Data to use:
----
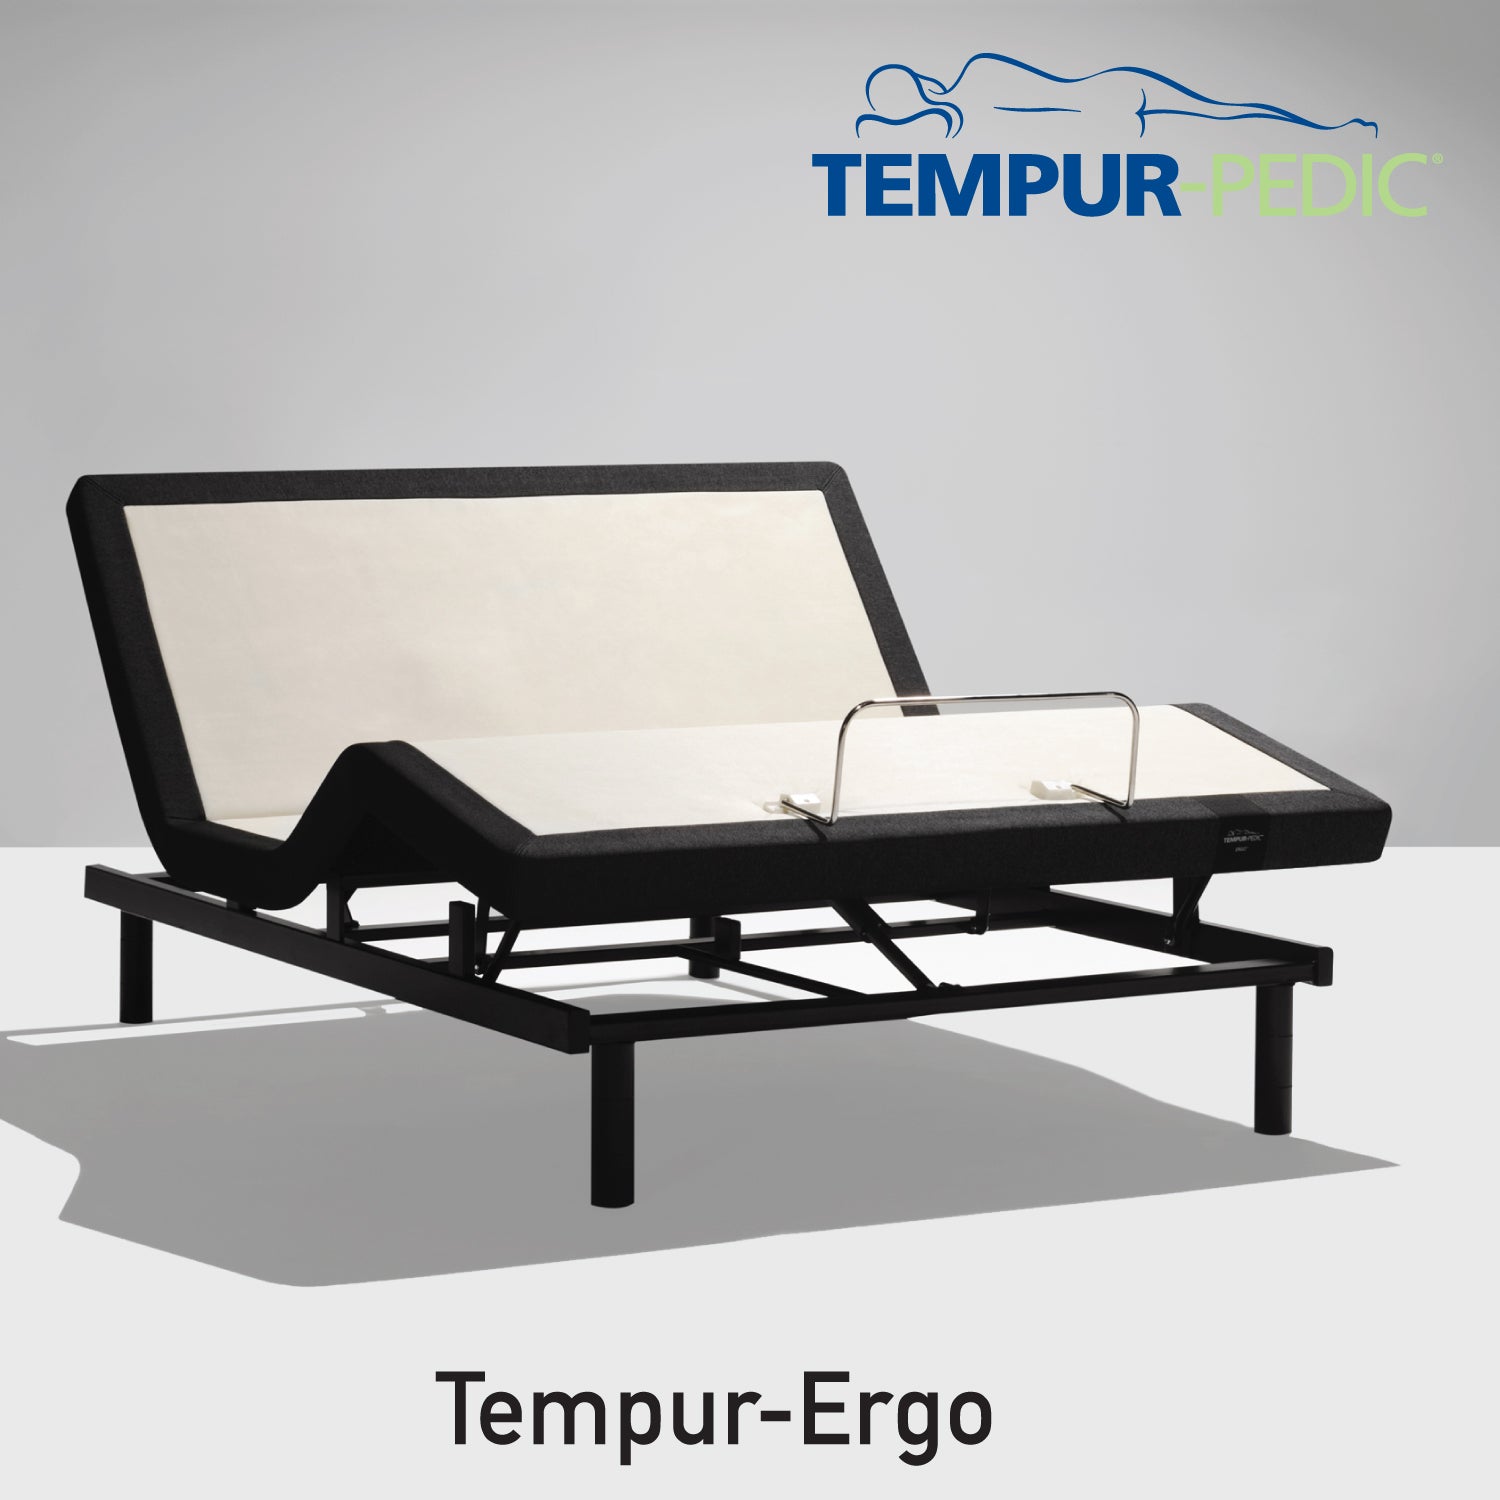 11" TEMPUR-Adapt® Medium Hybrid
----
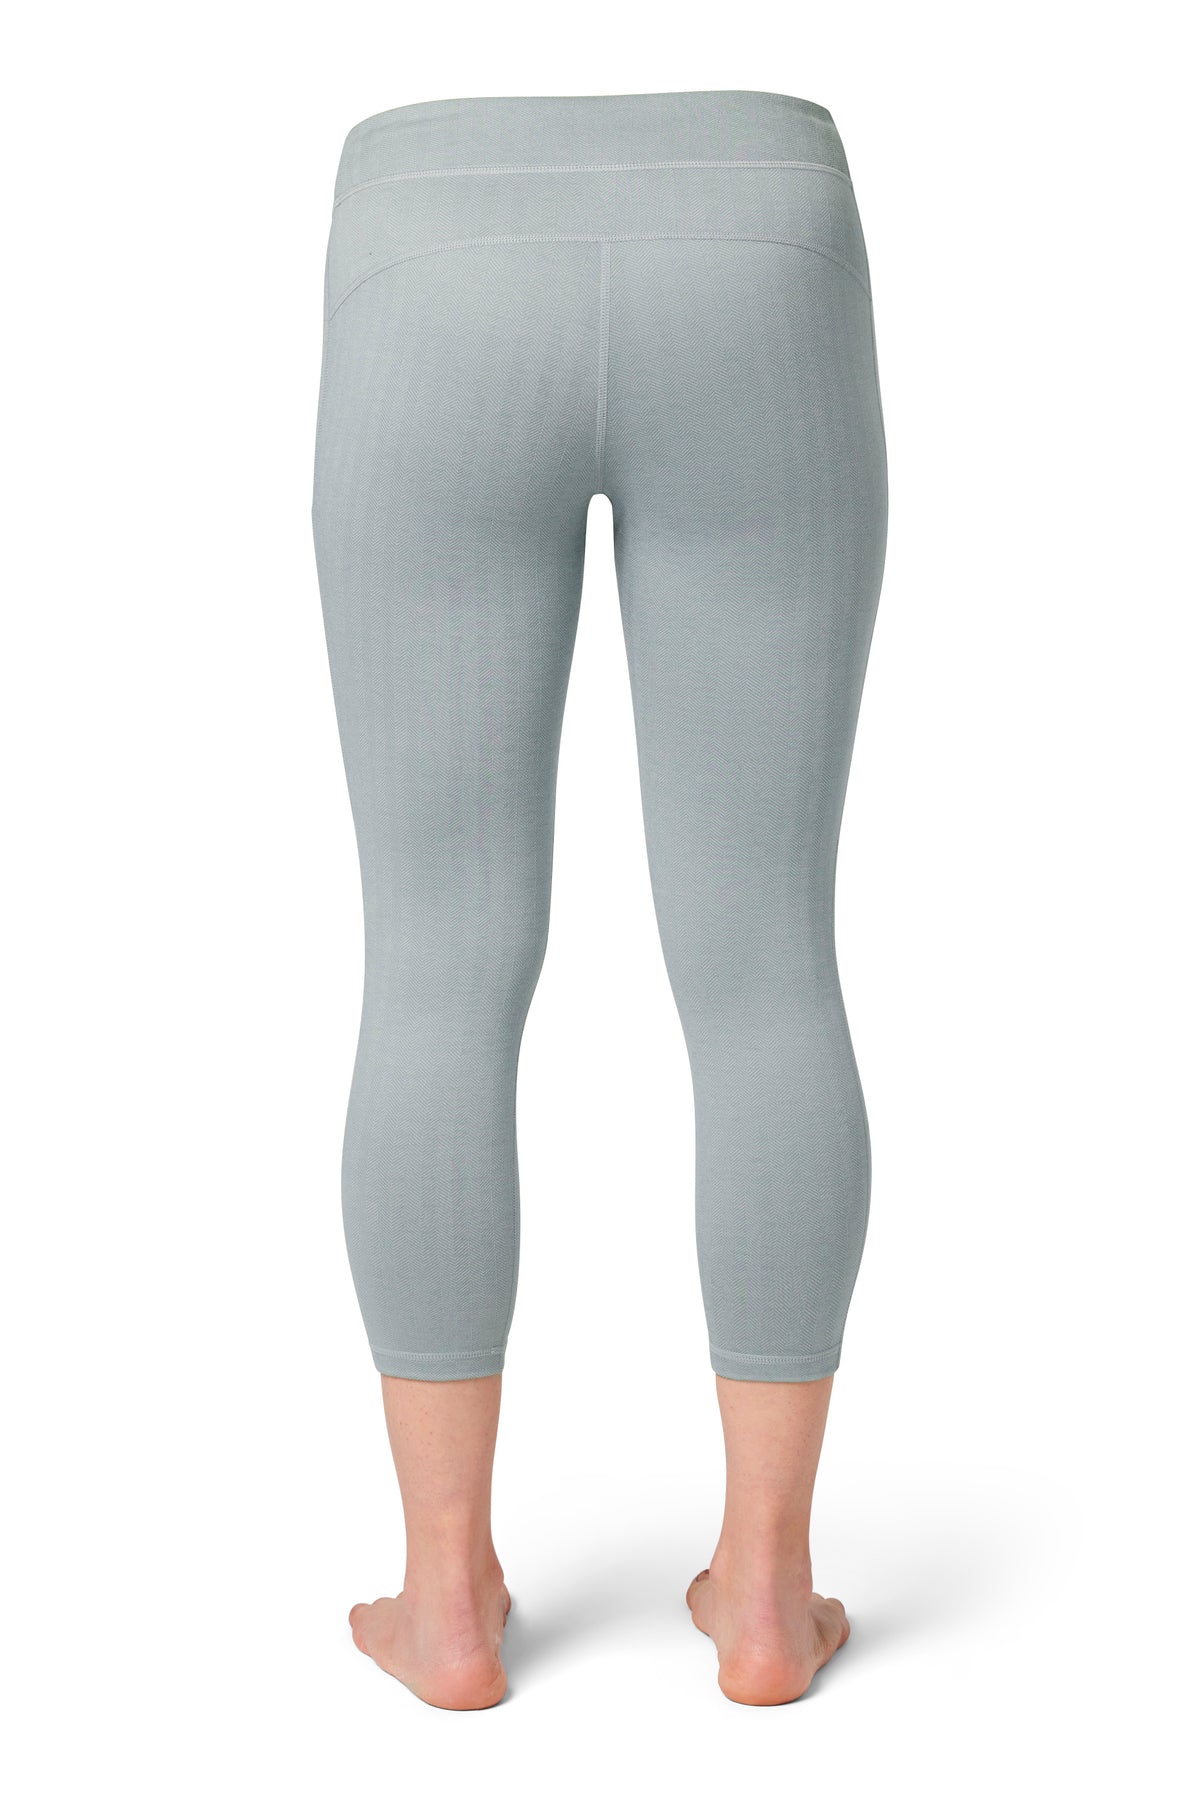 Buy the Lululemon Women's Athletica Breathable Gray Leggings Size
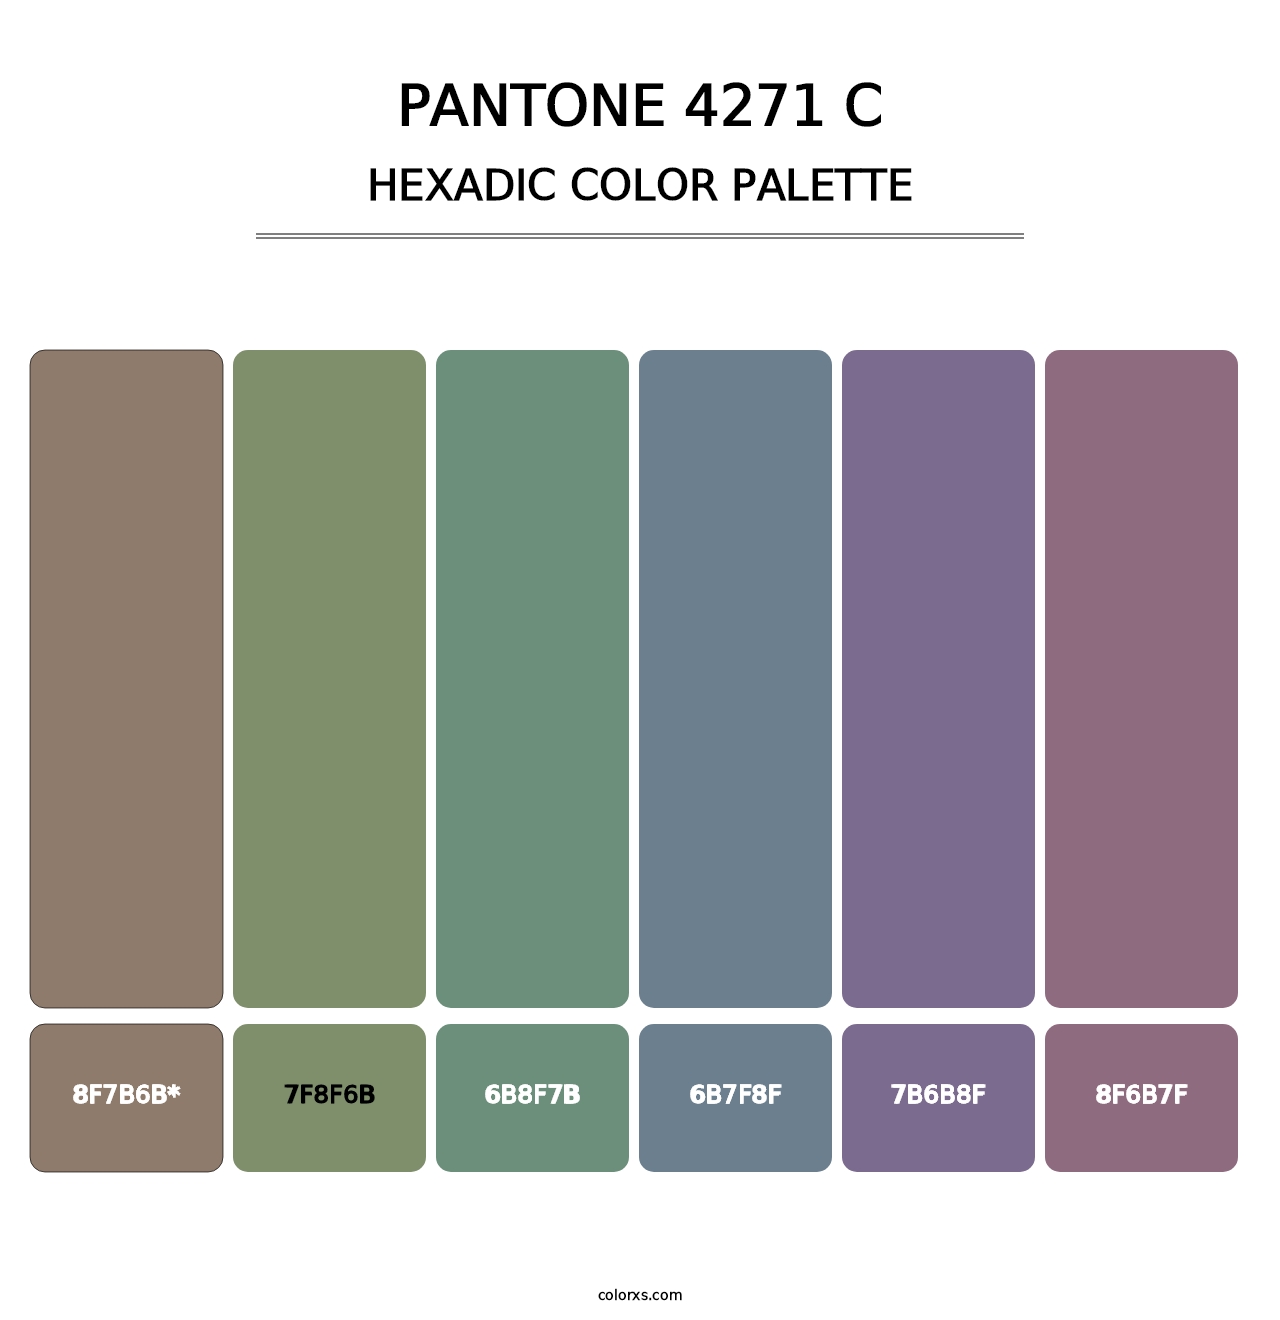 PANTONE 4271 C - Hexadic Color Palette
----
What is needed: Although the records above contain pictures, the copy should not; retype exactly the lines from the one containing "Buy the Lululemon" through the one containing "PANTONE 4271 C - Hexadic Color Palette".

Answer box:
 Buy the Lululemon Women's Athletica Breathable Gray Leggings Size
 PANTONE 4271 C - Hexadic Color Palette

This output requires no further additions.